I bought a 3 year old beardy a few months ago and since then I have had about 4 or 5 basking lights blowing.

I was originally using an exo terra tight beam but it wasnt running through a stat. 

I therefore purchased a microclimite b1 dimmer stat and using a Hobby basking light 150w. Today at 6pm I noticed that the light was off, when I checked it, it had blown. I thought using a dimmer stat stopped the lights from breaking??

Can anyone give me some advice on the best light to use however not an expensive one. The tank is 5ftx2ftx3ft.

Thanks in advance


----------



## SirSlithers (May 8, 2010)

try changing the fuse on the bulb not the stat to a lower ampage this should ensure that if things overheat as it sounds like they have been it should be the fuse that blows not the bulb. And there alot cheaper to replace alternatively get the stat pat tested by an electrician as this could be having surges that may be causing the blowouts. Also obviously check for loose wiring and is the bulb guarded or out of reach. Not a lizard person but guess they may be able to give the bulb a good whack. Hope any of this helps


----------



## niceola (Jan 31, 2010)

thanx for the advice :2thumb:


----------



## Blue Lizard Reptiles (Jul 9, 2010)

I find the exo terras to be pretty reliable and usually last somewhere around six months.

A dimmer stat is specifically designed to work with bulbs, so unless the stat or some of your other wiring is faulty, then there should be no problem.

Check all your wiring and setup to make sure there are no shorts or badly wired connections. 
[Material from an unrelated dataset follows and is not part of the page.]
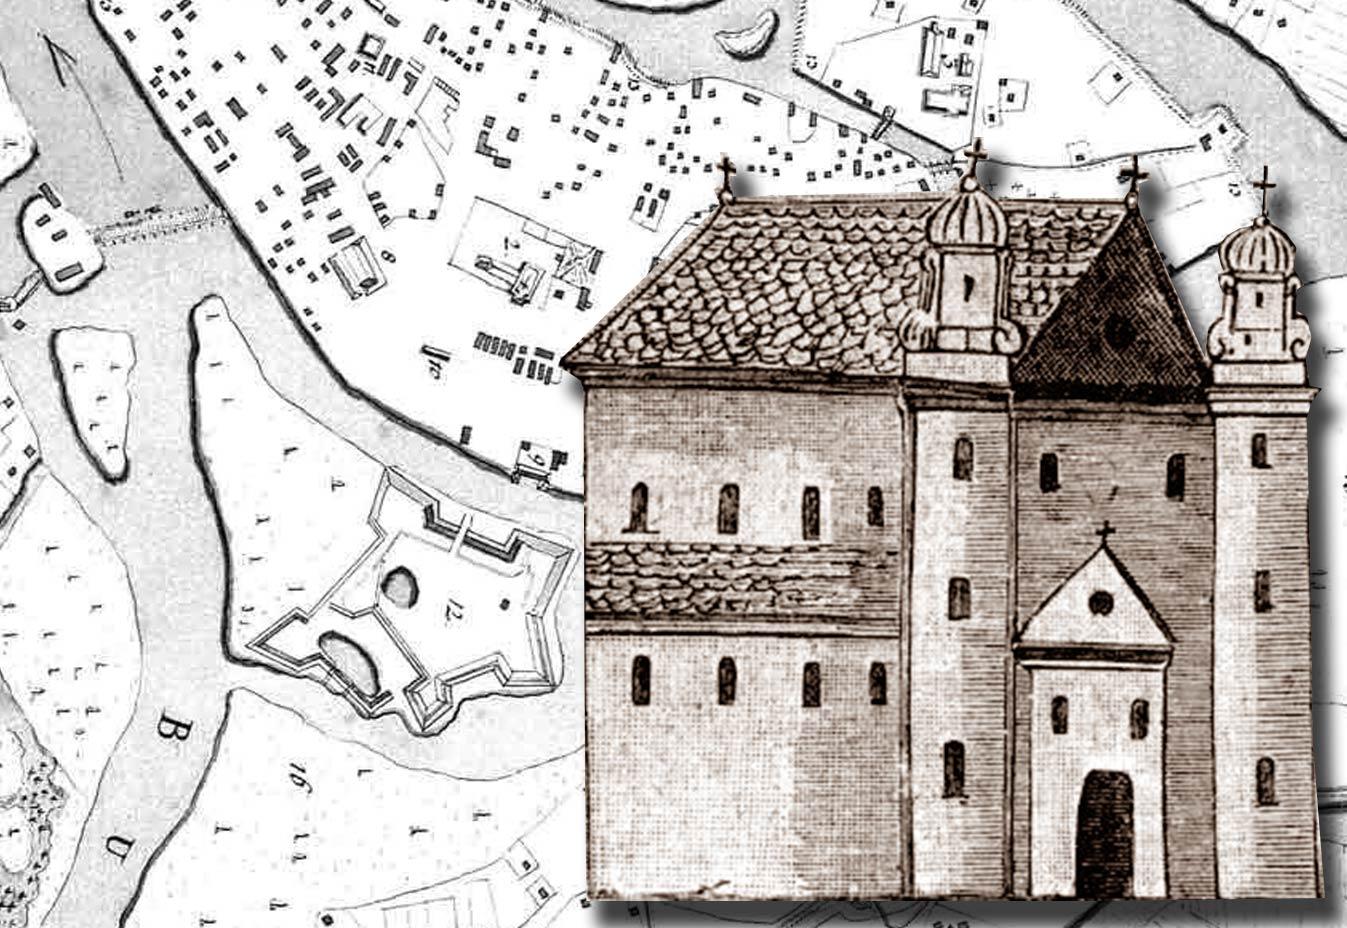 Cerkiew św. Mikołaja w Brześciu, gdzie została podpisana unia brzeska. Ryc. z XVIII wieku. Zburzona w czasach panowania rosyjskiego

If the stat is faulty, it will be covered by a years guarantee if you bought it new, so take it back and swap it. : victory:


----------



## Graham (Jan 27, 2007)

Microclimate stats have a _5 year_ warranty.


----------



## mikemikemike (Aug 10, 2010)

I had the same problem.... i had a 40w lamp and a heat mat also. my local reptile shop said turn the heat mat off through summer, as its getting too hot within the tank.


----------